O Brilho de superfície é um indicador muito mais confiável que a magnitude quando falamos de objetos extensos.  E se divide da seguinte forma. Existem os “ Pacatos Onze” onde você vai ver detalhes mesmo com visão direta, os “Desconfiados Doze” onde você vai precisar de visão lateral para perceber algo mais que apenas a existência do objeto , os “Tenebrosos Treze” onde você vai começar a precisar de técnicas milenares de respiração e finalmente os “ assombrados 14” onde só com auxílio mediúnico você talvez perceba algo... São  um paralelo Astronômico para o que as latitudes geográficas significam para os Navegadores em geral e as velejadores em particular. Na terra temos os “ Roaring Forties” a partir de 40o  de latitude ,os “Furious Fifties” já quase na altura do Estreito de Drake e finalmente os “ Screaming Sixties” que no paralelo 60  marca o limite norte do oceano antártico e é a volta ao mundo mais curta que você pode dar sem encontrar terra . Só para esclarecer o círculo polar fica a mais 6,6 graus ao sul...
De volta a galáxia mais ao norte da Corrente de Markarian ela se apresentará como um pequeno fuso esfumaçado em um campo onde você poderá perceber ou não M 91 com um binóculo de 15X70 mm. Ela é mais oferecida que sua companheira e como foi dito uma das mais amigáveis espirais de Virgem. Com o Newton (meu refletor 150 mm f8) em 120 X chego a desconfiar de alguma estrutura espiral, especialmente na parte sul que é a mais apagada. Creio que possa ser uma ilusão, mas devido ao menor brilho as partes escuras se sobressaem mais e dão esse efeito. Nas fotos isso é bem evidente. A presença de estrelas enriquece o quadro. Em 240 X a imagem já se degrada e creio que apenas em noites muito especiais consiga obter algo.

A melhor forma(a meu ver) para se localizar M 88 é partir de M 84 e M 86 e depois de estudarbem o caminho seguir a corrente até lá. Navegar pelo aglomerado é uma tarefa para observadores já com alguma prática. Céus escuros e noites de boa transparência serão de imensa ajuda.

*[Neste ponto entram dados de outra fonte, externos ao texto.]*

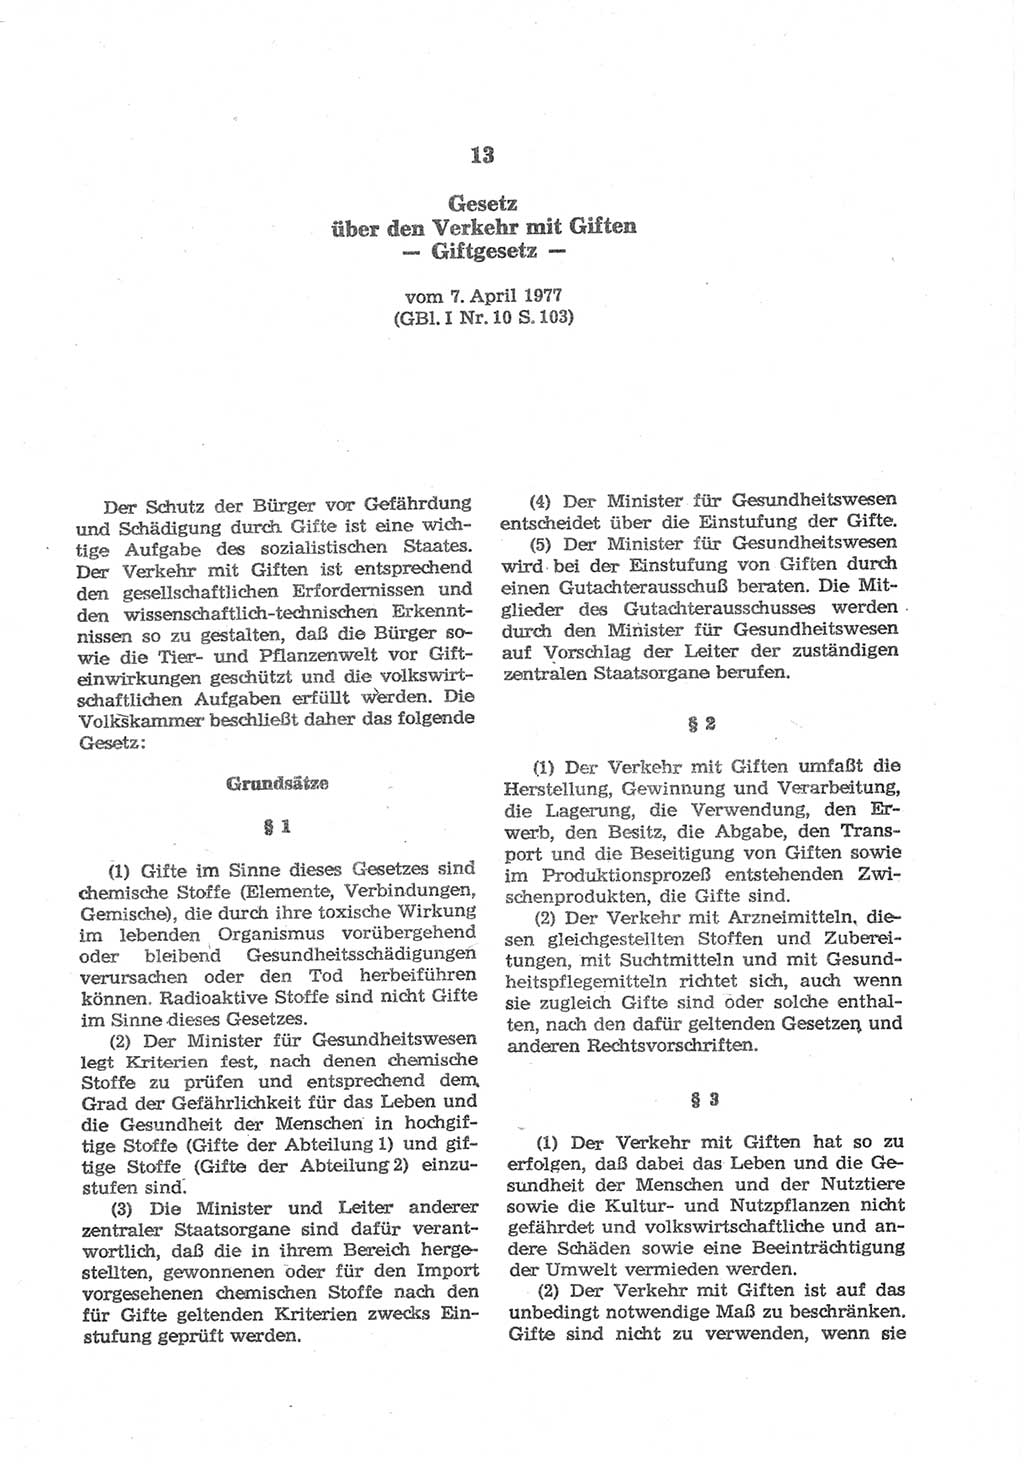 Strafgesetzbuch (StGB) der Deutschen Demokratischen Republik (DDR) und angrenzende Gesetze und Bestimmungen 1977, Seite 231 (StGB DDR Ges. Best. 1977, S. 231)

M 88 possui um diâmetro físico de 115. 000 anos luz e com uma massa de 250 bilhões de sóis. É uma galáxia Seyfert do tipo 2linhas de emissão nos 5´´ centrais de M 88 indicam um imenso objeto central com sinais de acreção.  Tudo indica que em meio a esse núcleo galáctico ativo habita um buraco negro com massa de 107,9 sóis.
M 88 foi uma das 14 “Nebulosas Espirais” descobertas por Lorde Ross em 1850. Foi um grande passo entre as ideias de Herschel e a constante de Hubble e a expansão do universo. M 88 e M 31 foram peças fundamentais nesse processo.
Muitos autores comparam M 88 com uma versão miniatura de M 31, a Galáxia de Andromeda. É uma excelente referência e há alguma semelhança.   

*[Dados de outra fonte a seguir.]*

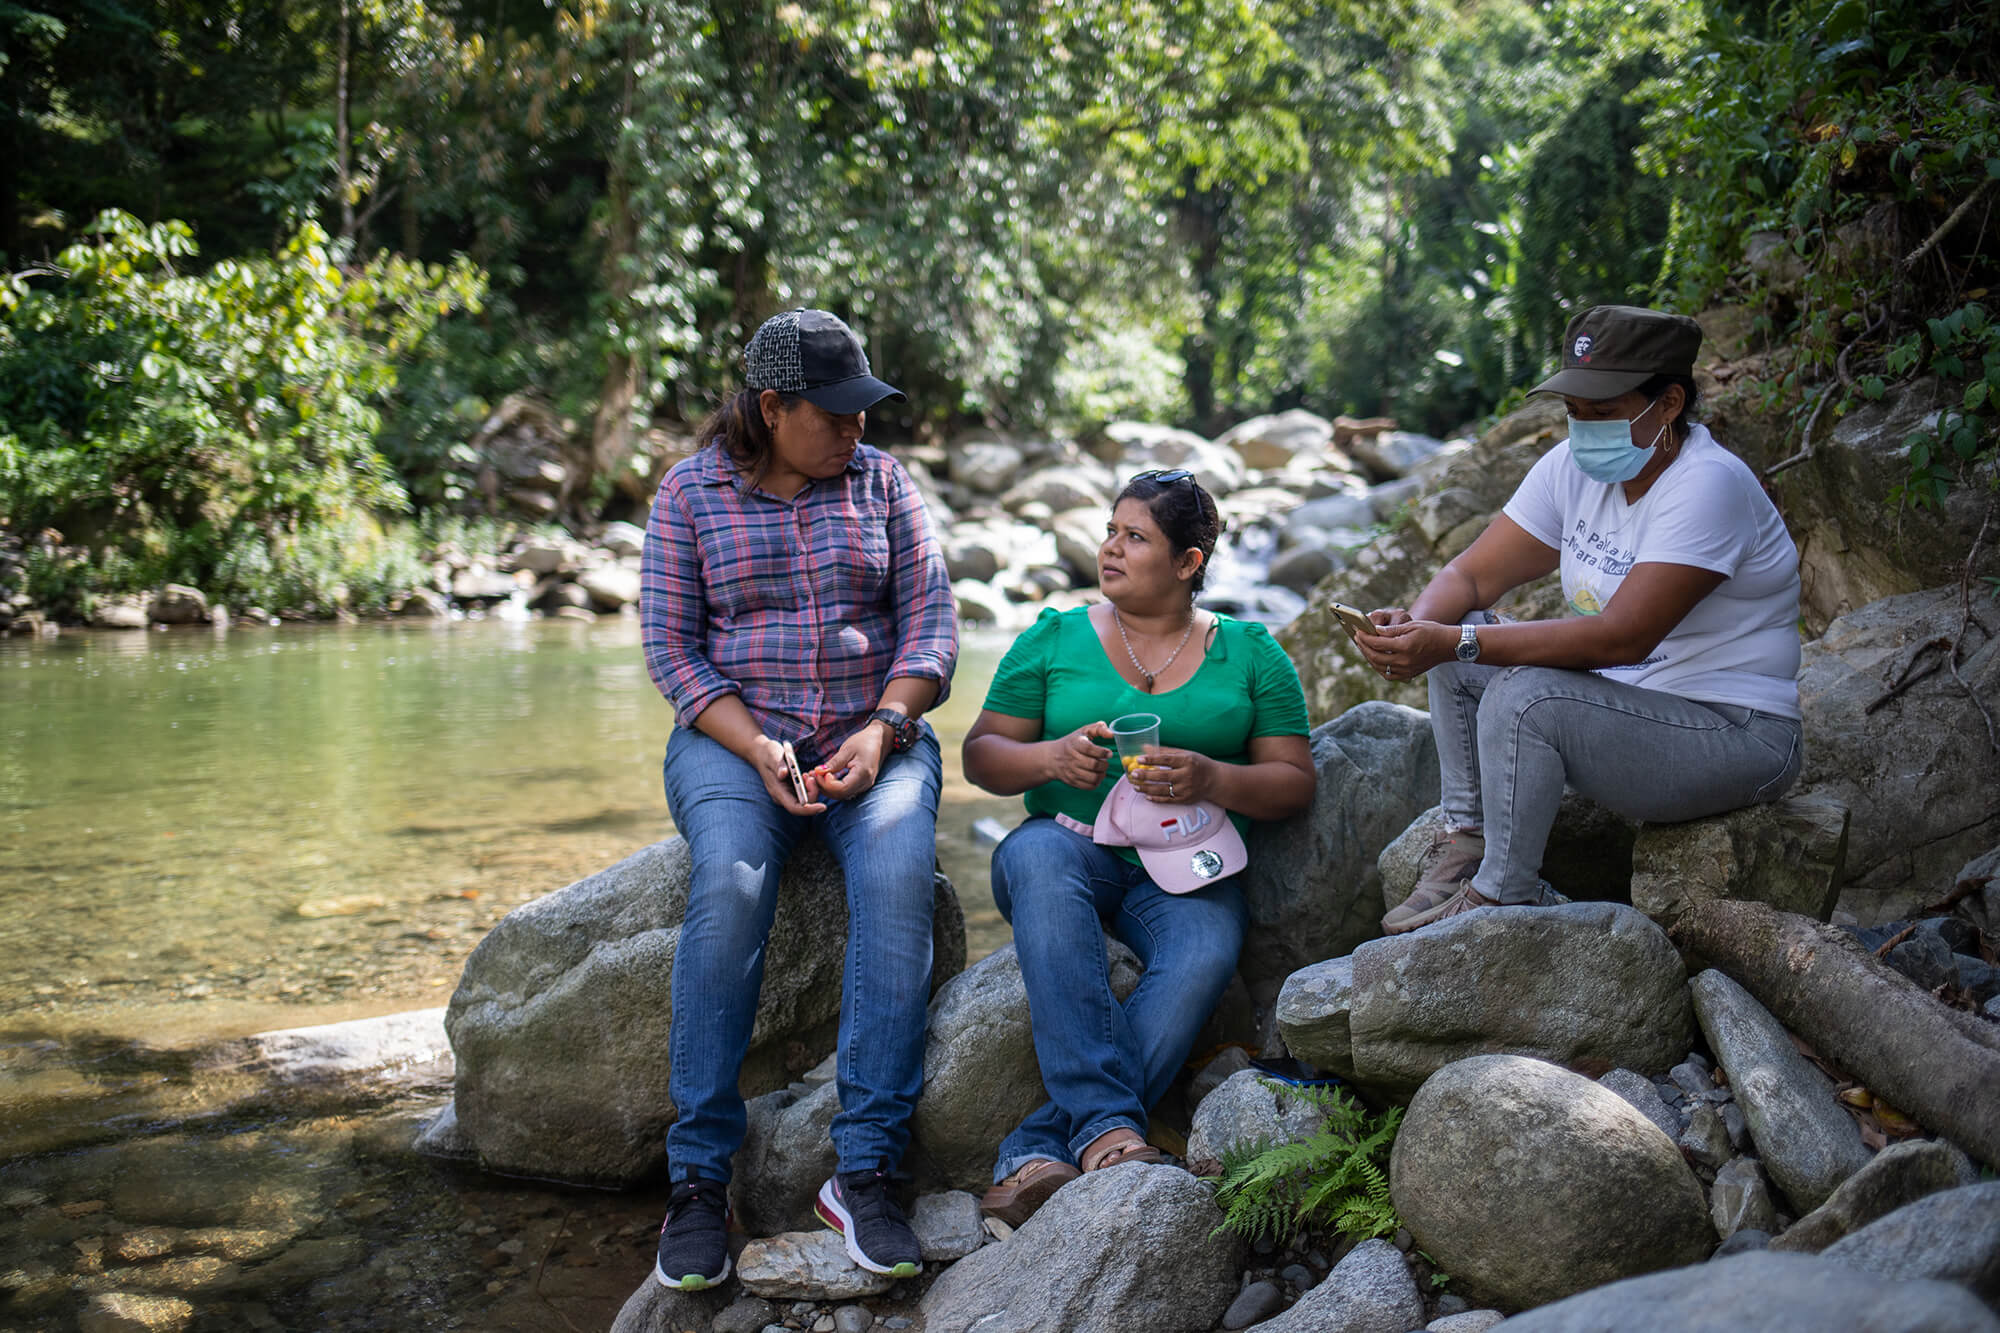 Jilamito Honduras | termas | hidroelectrica | Río Jilamito, | loadge | hydroelectric project | dfc | hydropower | bid invest| idb | proyecto

sábado, 11 de maio de 2019

M 91: A Galáxia nem tão Perdida de Messier




Esta primavera está sendo dedicada ao aglomerado galáctico de Coma-Virgem. Na última Aporema (uma comemoração astro-indígena-pagã e uma lenda...) capturei diversas galáxias na região e aos poucos estou organizando e dissecando todo o material. Como não poderia deixar de ser as Galáxias do aglomerado que pertencem ao Catálogo Messier (Um catálogo de nebulosas elaborado no sec. XVIII e onde está o filé mignon do céu profundo para possuidores de pequenos telescópios) são o fio condutor da tarefa. Em uma área de navegação delicada e poucos faróis estas são o porto mais seguro que encontraremos. Mas mesmo entre estas nem tudo é tão simples.  Eu pensei em organizar o material seguindo o caminho natural. Começaria com M 49 (a Messier de menor valor que registrei e a primeira do bando registrada também pelo eu profundo de Messier. Seu outro eu foi Méchain...)  e terminaria a série em M 105 (Já em Leão, depois da casa das centenas e numa entrada póstuma...).
                Mas M 91 acabou me surpreendendo. Primeiramente por ter se revelado muito fotogênica. Talvez a minha favorita da série. Espirais barradas me são caras. E depois por ser considerada um objeto perdido de Messier. Uma entrada controversa e cheia de mistérios. Apesar de um mundo cheio de certezas nada me garante que a galáxia aqui apresentada seja a mesma que Messier viu. Mas tudo indica. É mais que muitas das notícias que recebo atualmente via whats up ou na web. Diversas publicações e autores confirmam e defendem a tese. Nestes tempos de pós verdade é mais que suficiente para o meu post...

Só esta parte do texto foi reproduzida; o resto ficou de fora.